Source data: Begin

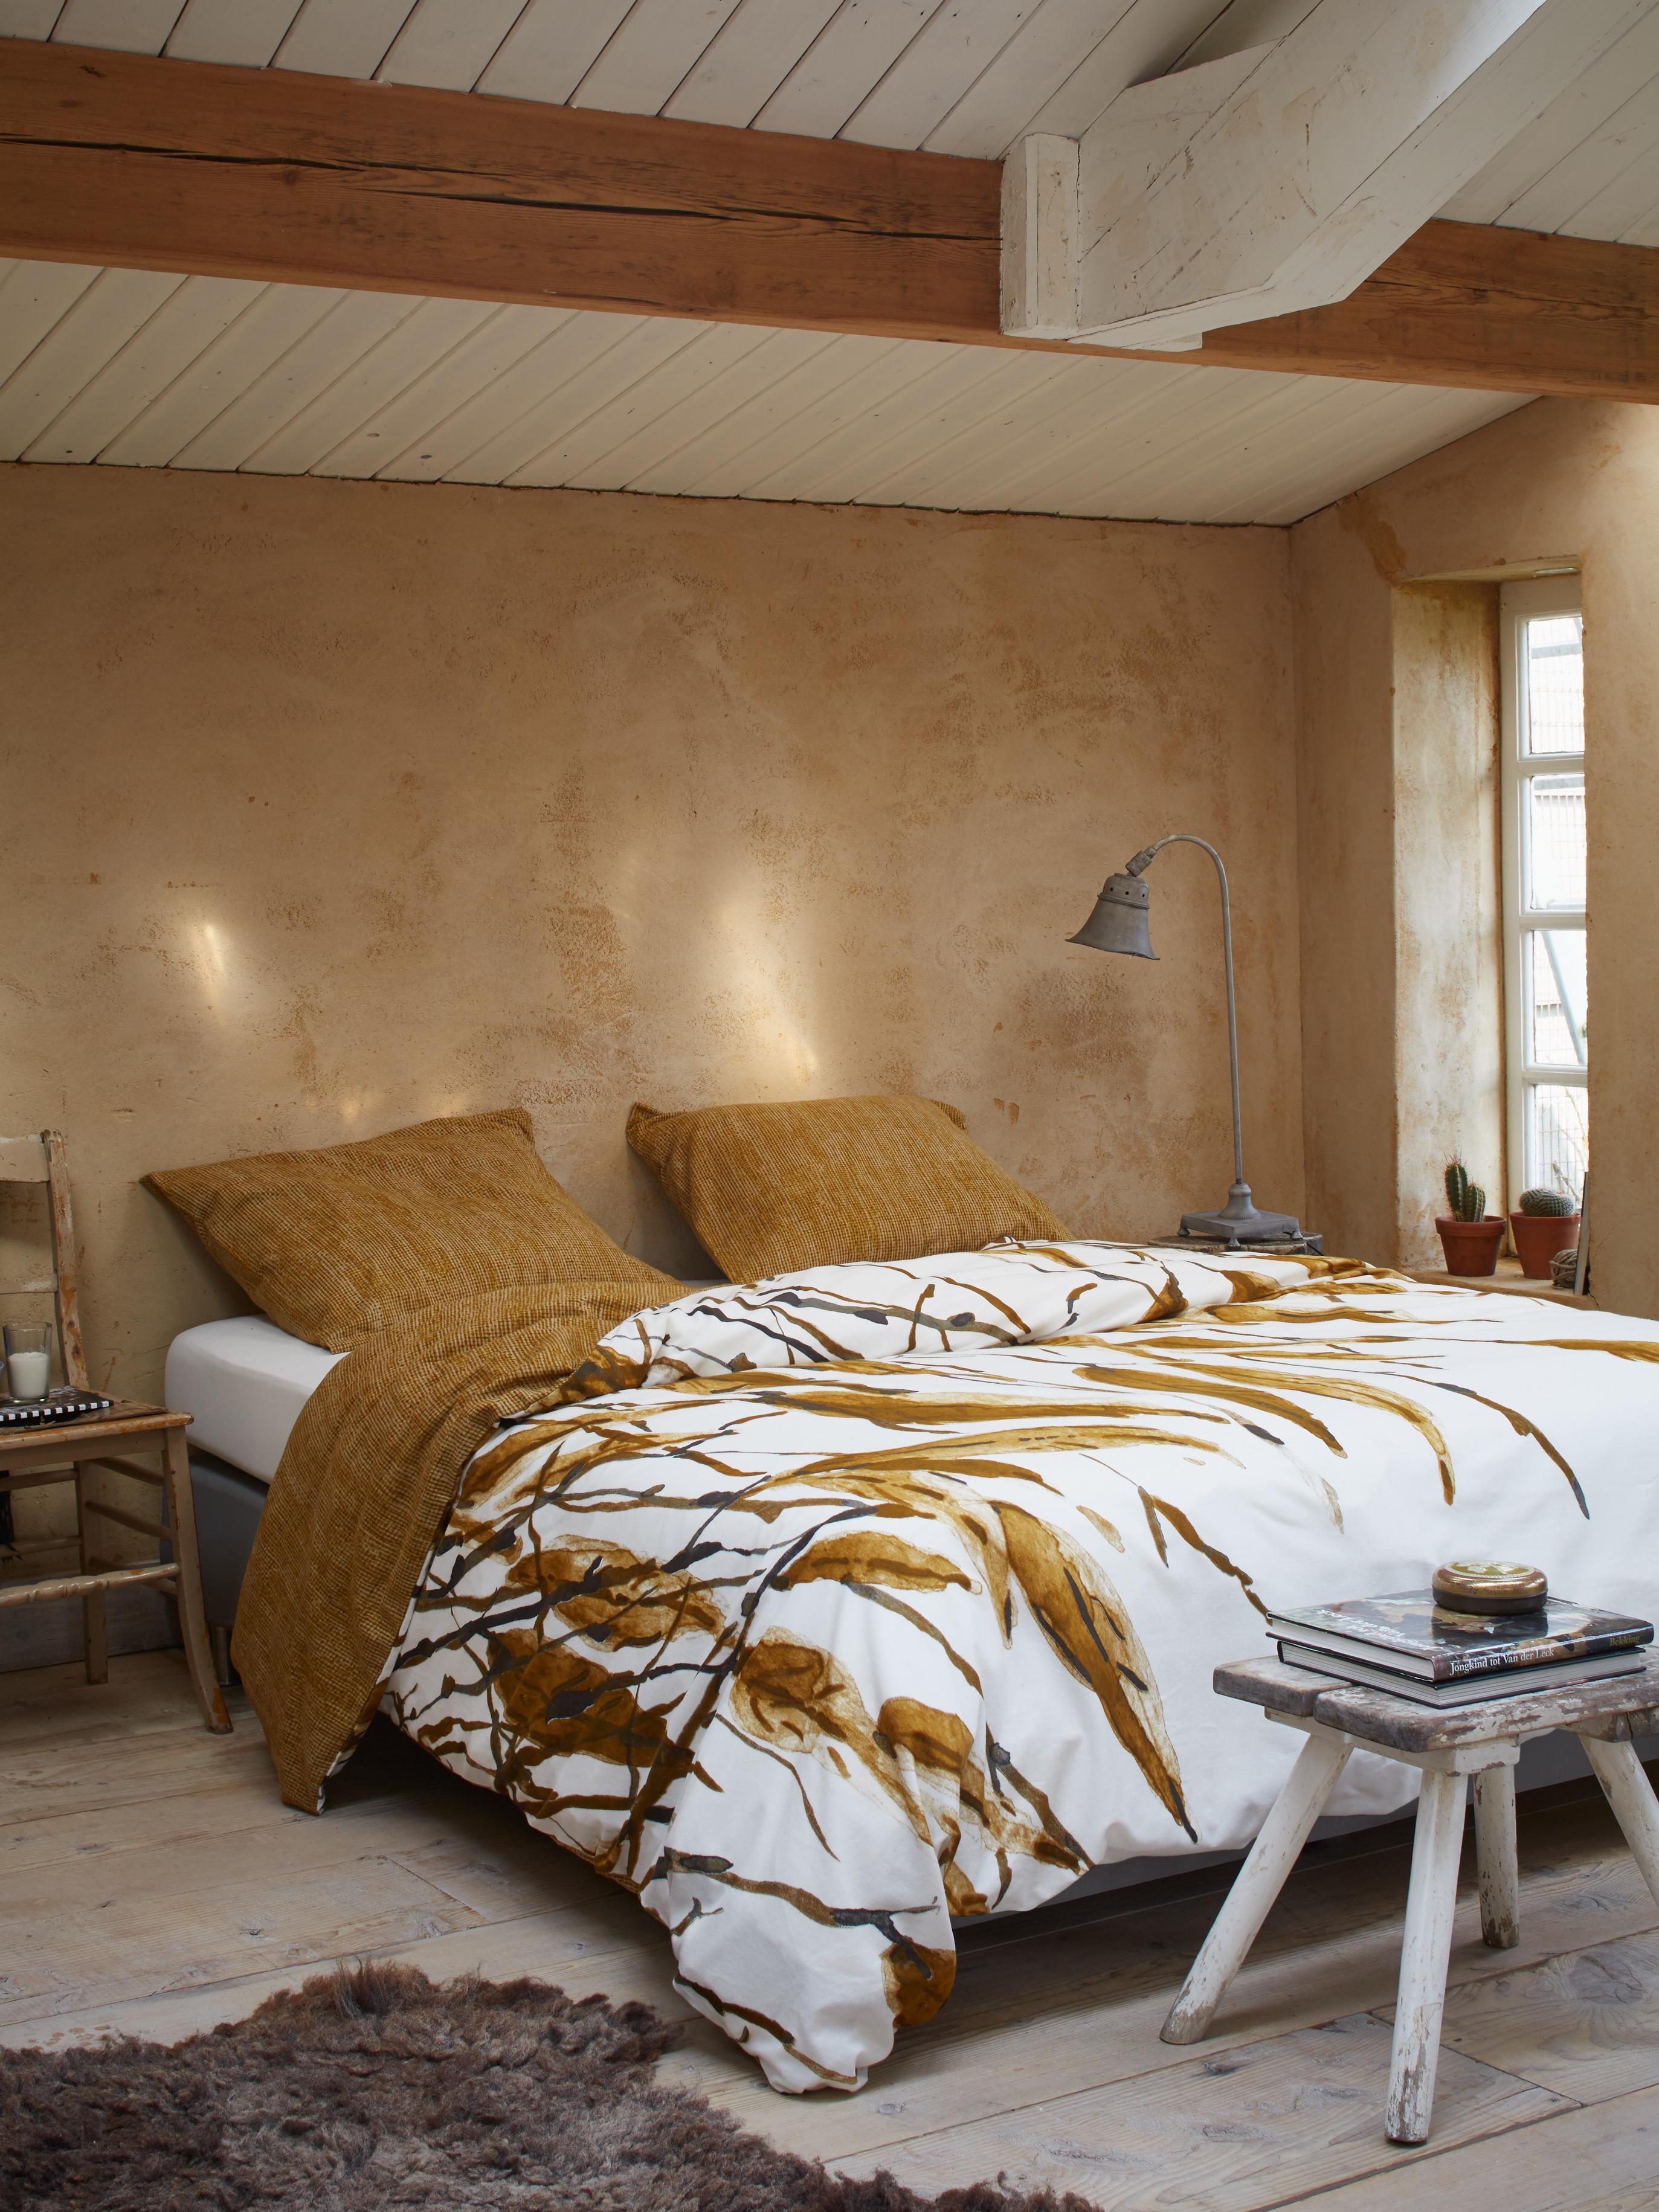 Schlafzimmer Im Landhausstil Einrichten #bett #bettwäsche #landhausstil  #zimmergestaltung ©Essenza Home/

Source data: End
Source data: Begin

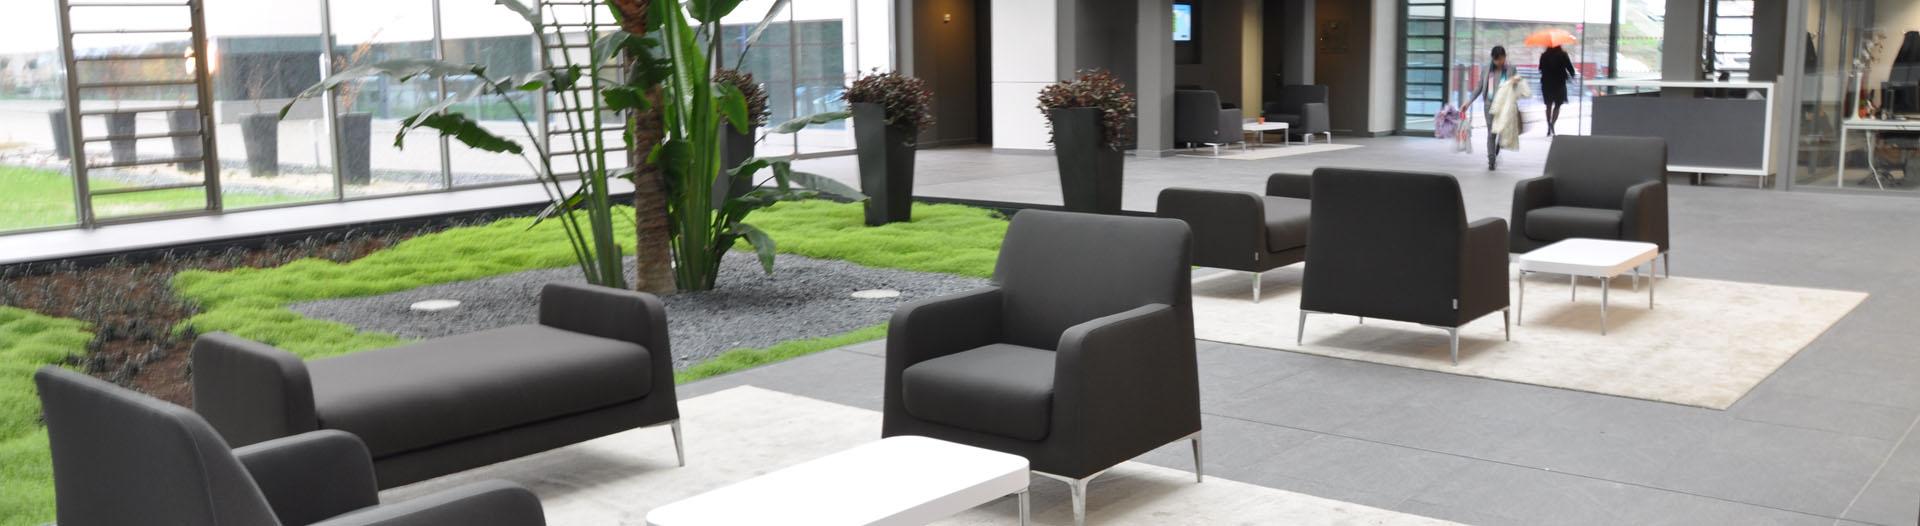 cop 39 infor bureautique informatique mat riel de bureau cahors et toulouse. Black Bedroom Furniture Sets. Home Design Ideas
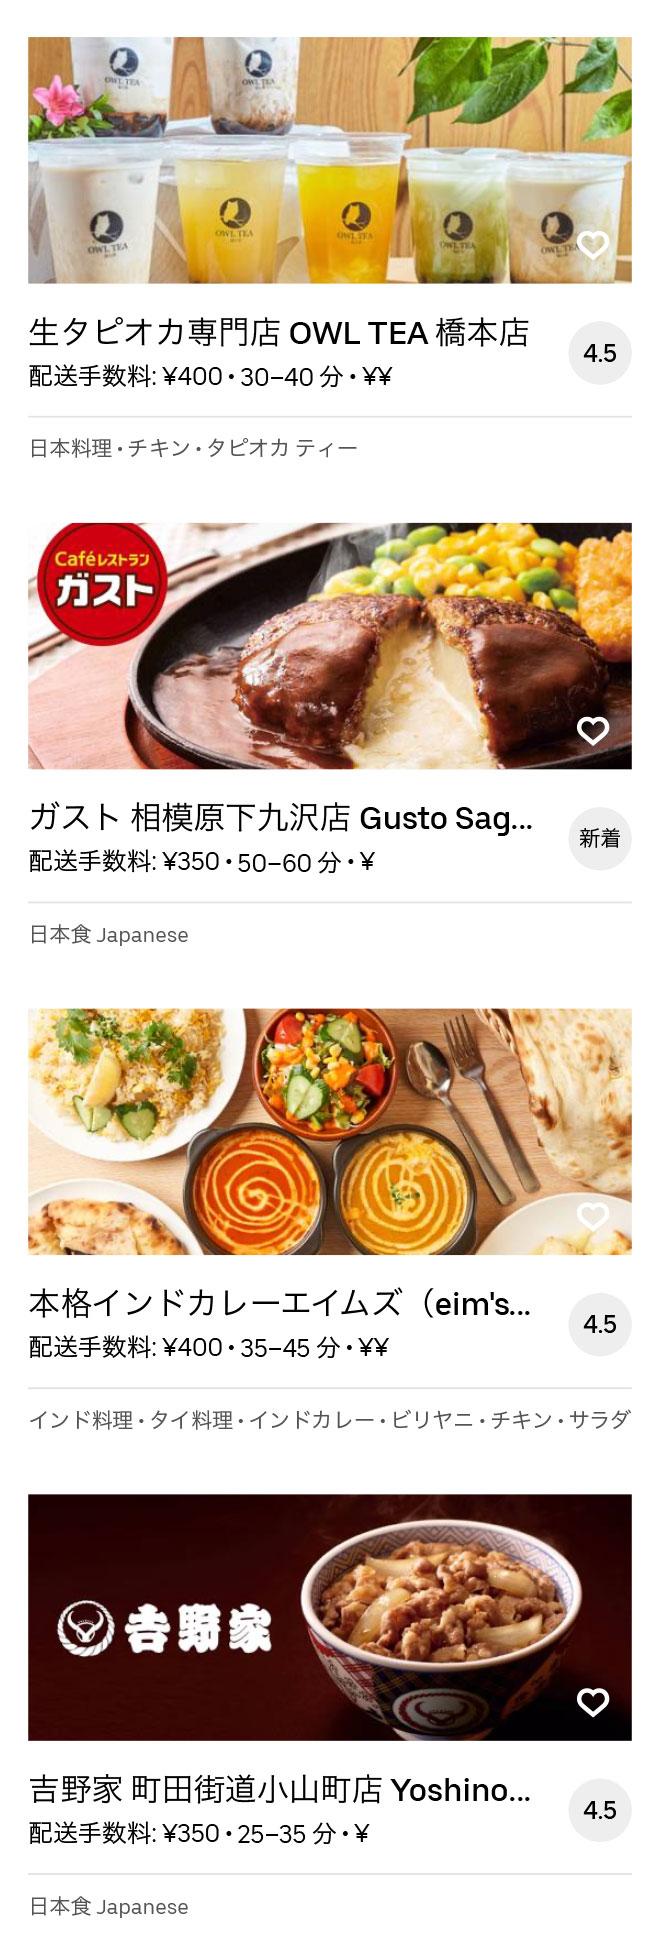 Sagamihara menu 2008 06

Source data: End

Work to complete: All pictures are to be skipped. Output, word for word, the lines in the data above starting at the line containing "cop 39 infor" and ending at the line containing "Sagamihara menu 2008 06".

Answer section:
 cop 39 infor bureautique informatique mat riel de bureau cahors et toulouse. Black Bedroom Furniture Sets. Home Design Ideas
 Sagamihara menu 2008 06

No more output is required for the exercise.